Ideally, one could really get some good training if it were possible to have an intravenous injection of adrenaline immediately prior to the drill.
Barring that, run some wind sprints to get everything "flowing" and then have someone yell and curse you right in your face to get some stress going.


----------



## rice paddy daddy (Jul 17, 2012)

Targetshooter said:


> You can defend your self from a attacker with a .22LR pistol and stop the threat ,,,,,,,,,,,,,,,,,,,,,,,,,, no one can tell me you can't .................tight group ? yes ,,,,,,,,,,,,,,,,,,,,,,, one shot ? yes ,,,,,,,,,,,,,,,, you shoot anything in the heart , they , it , are done ,,,,,,,,,,,, so need a large caliber ? no ,,,,,,,,,,,,,,,,,, bears , moose , elk ,,,,,,,,,,, yes a large caliber is needed .


Consider this - a fully oxygenated brain is capable of conscious thought for up to 18 seconds after the heart fully stops. Put a couple, or more, 22 LR straight into the heart of a determined, armed, opponent and he can still kill you too.

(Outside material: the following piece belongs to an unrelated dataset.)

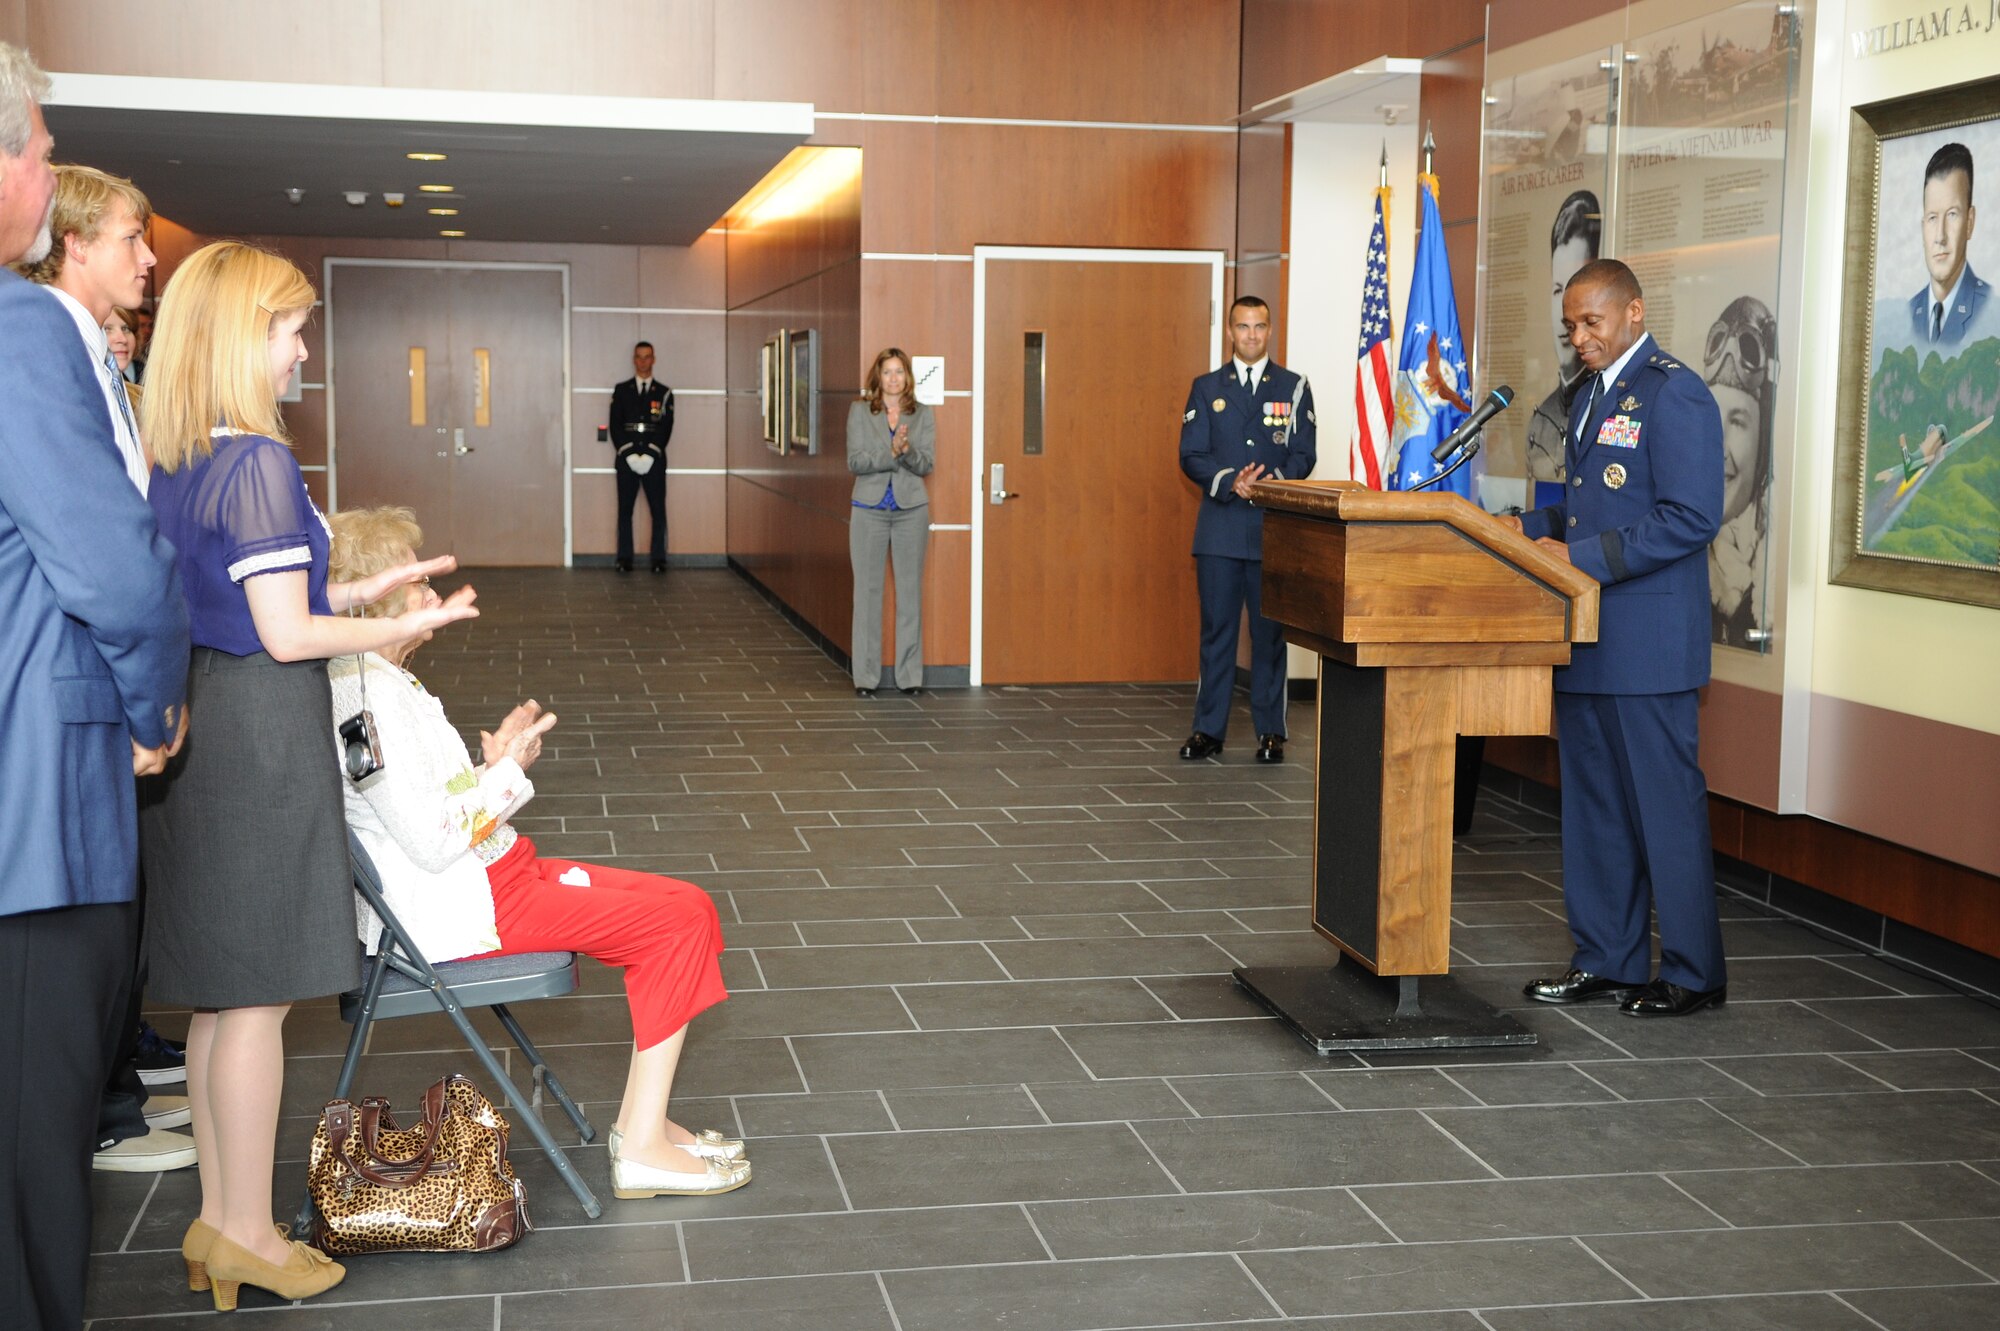 Maj. Gen. Darren McDew, Air Force District of Washington commander, speaks in front event attendees, Col. William A. Jones III's widow, Mrs. Lois Jones and other Jones family members at a display dedication in the new William A. Jones III Building on July 28. Jones died in an aircraft accident Nov. 15, 1969 before the Medal of Honor could be presented to him for his selfless heroism. He was 47. His widow received the decoration from President Richard M. Nixon at the White House Aug. 6, 1970. (U.S. Air Force photo/Staff Sgt. Kris Levasseur)

Read some Medal Of Honor citations to see how much damage can be done to a human body and the person still keeps fighting.


----------



## keith9365 (Apr 23, 2014)

Shoot what you can shoot accurately and practice practice practice. I never liked bigger pistol calibers like .40 or .45. I have smaller hands (5'7" 170 lbs runt) 9mm fits me well and I shoot it well. If you can shoot .357, .44 mag, or 10mm accurately with fast, ACCURATE follow up shots then have at it.


----------



## Medic33 (Mar 29, 2015)

well this might not be scientific but I am sure if you blow someones arm off most likely the threat is over and the clean up begins don't know too many .22 that can do this.
I saw a girl 15-16 ish about 5-2 105 pounds (maybe), take 4 shots to the chest at point blank range( yes I saw the shooting) in S. America carried her about a mile to a medical clinic she lived -15 minutes later I saw a 200+ 6-2 man take one .22lr to the chest died on the spot. So, it is not only shot placement you got to hit something vital.


----------



## Salt-N-Pepper (Aug 18, 2014)

Me? I am going for whatever round gives me the best chance of stopping an attacker (I say attacker because I would only ever shoot if I (or an obviously innocent person) was being attacked.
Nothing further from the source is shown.